Since the study of ROS depends not only on concentration but also on its spatiotemporal distribution, real-time imaging of ROS, possibly in vivo, has become necessary in order for scientists to determine which of their biological activities may present a potential for clinical translation. However, this objective is still unachievable owing to current available techniques (Maulucci et al., 2016). Here, we describe in further detail the protocol previously used in Vicente-Gutierrez et al. (2019) to measure mROS abundance, specifically superoxide anion-abundance in astrocytes ex vivo. Although there are different probes commercially available, the most widely used is MitoSOX^TM. The MitoSOX Red mitochondrial superoxide indicator enters into mitochondria, where it accumulates in response to the mitochondrial membrane potential (ΔΨ_m) and becomes oxidized. This probe has been widely used in astrocytes in culture (Sheng et al., 2013; Angelova et al., 2015) and in cultured hippocampal sections (Ishii et al., 2017). MitoSOX fluorescence intensity is commonly assessed by microscope imaging or flow cytometry. As mentioned above, this fluorescent dye requires an active mitochondrial membrane potential to enter into mitochondria. This implies that to measure mROS, it is necessary to use live cells and to determine, in parallel, the ΔΨ_m in order to confirm that differences in the MitoSOX signal are independent of ΔΨ_m. However, this fact presents a challenge when working with fixed-cells. For instance, this exclude the use of imaging techniques like immunohistofluorescence in fixed-cells which, in addition, to study individual cellular phenomena required the use of different cell markers. To overcome the cell origin problem, others have used genetically encoded probes to assess redox histology in mouse (Fujikawa et al., 2016). Thus, immunohistochemical strategies still offer a suitable approach for detecting the footprints of redox stress. Nowadays, two-photon laser scanning microscopy has become an interesting tool for studying cellular parameters in awake mice, in vivo. However, this technology is not easily accessible in every laboratory and is limited to studying superficial brain areas (Pérez-Alvarez et al., 2013; Wang et al., 2017). Another drawback to this technique is the large amount of time required for sample preparation and for obtaining replicas. In contrast, the protocol that we will describe is relatively easy, accessible, fast and robust.

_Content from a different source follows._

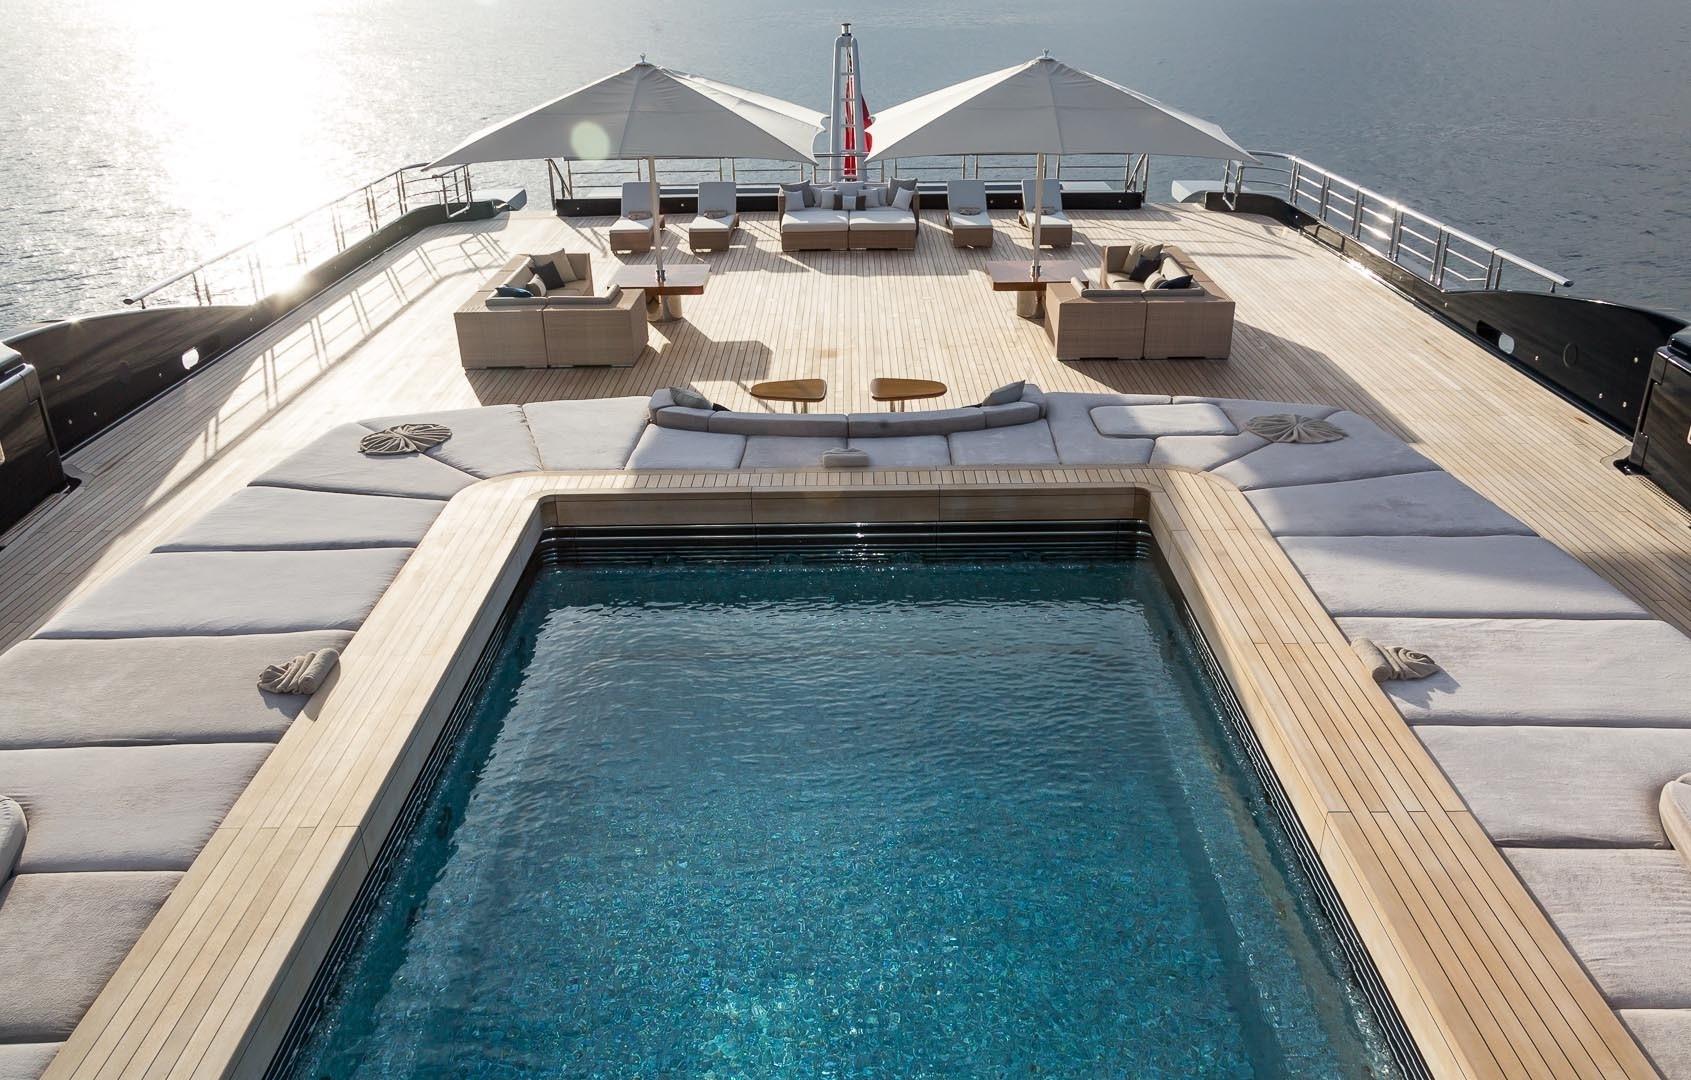 The 115m Yacht LUNA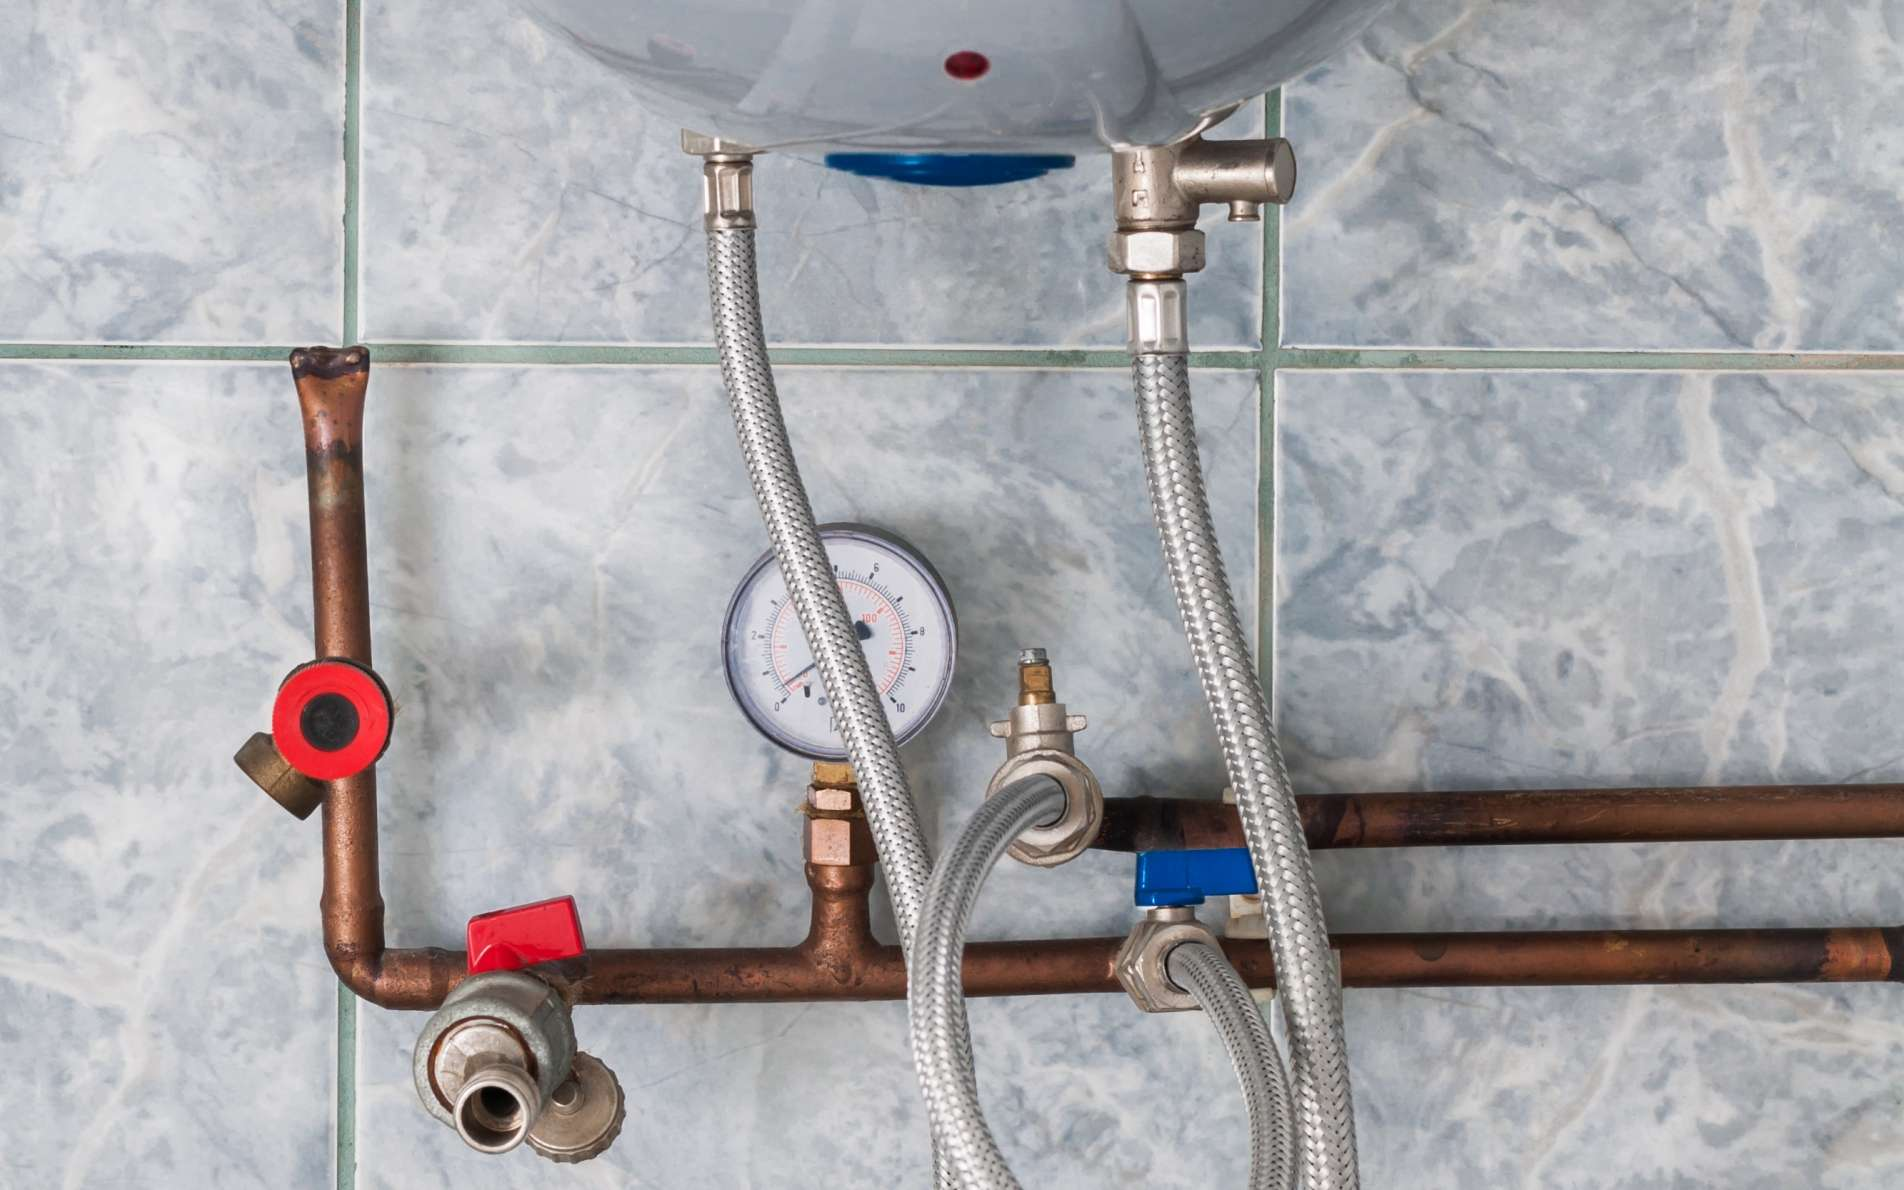 L'Europe veut réduire sa consommation d'énergie, ce qui passe par le chauffage et l'eau chaude des particuliers. © beccarra, Shutterstock.com

The ability of certain adeno-associated virus (AAV) vectors to cross the blood-brain barrier after intravenous injection makes it possible to obtain transgene expression in brain cells. The AAV-PHP.eB capsid is one of the serotypes that is able to efficiently transduce the central nervous system (Chan et al., 2017) and is useful for many applications. For instance, we have used it to express the green fluorescent protein (GFP) under the control of the astrocyte-specific glial fibrillary acidic protein (GFAP) short promoter (gfa-ABC₁D) (Lee et al., 2008). Astrocytes were specifically tagged in vivo by infecting mice intravenously through the retro-orbital venous sinus with the AAV-PHP.eB-gfa-ABC₁D-GFP construct. Then, we obtained a single brain cell suspension and adapted a well-known protocol to measure MitoSOX by flow cytometry. Therefore, this protocol combines the use of accessible technology like flow cytometry with the use of commercial probes. Accordingly, another advantage to this approach is its versatility, since it is also useful for assessing other cell-specific processes in brain function. By using other brain cell-specific promoters to target neurons, microglia or oligodendrocytes, for instance, the same phenomenon could be measured independently or simultaneously in different cell types. Moreover, this protocol allows the same sample to be analysed using different commercially available probes to measure different biological processes. Finally, this tool is greatly useful to study other cellular and subcellular phenomena and can be used at different time points during model lifespan as well as different tissue types. Overall, we believe that this straight-forward protocol for measuring mROS in adult astrocytes is beneficial for studying redox biology in vivo at the cellular level in the brain.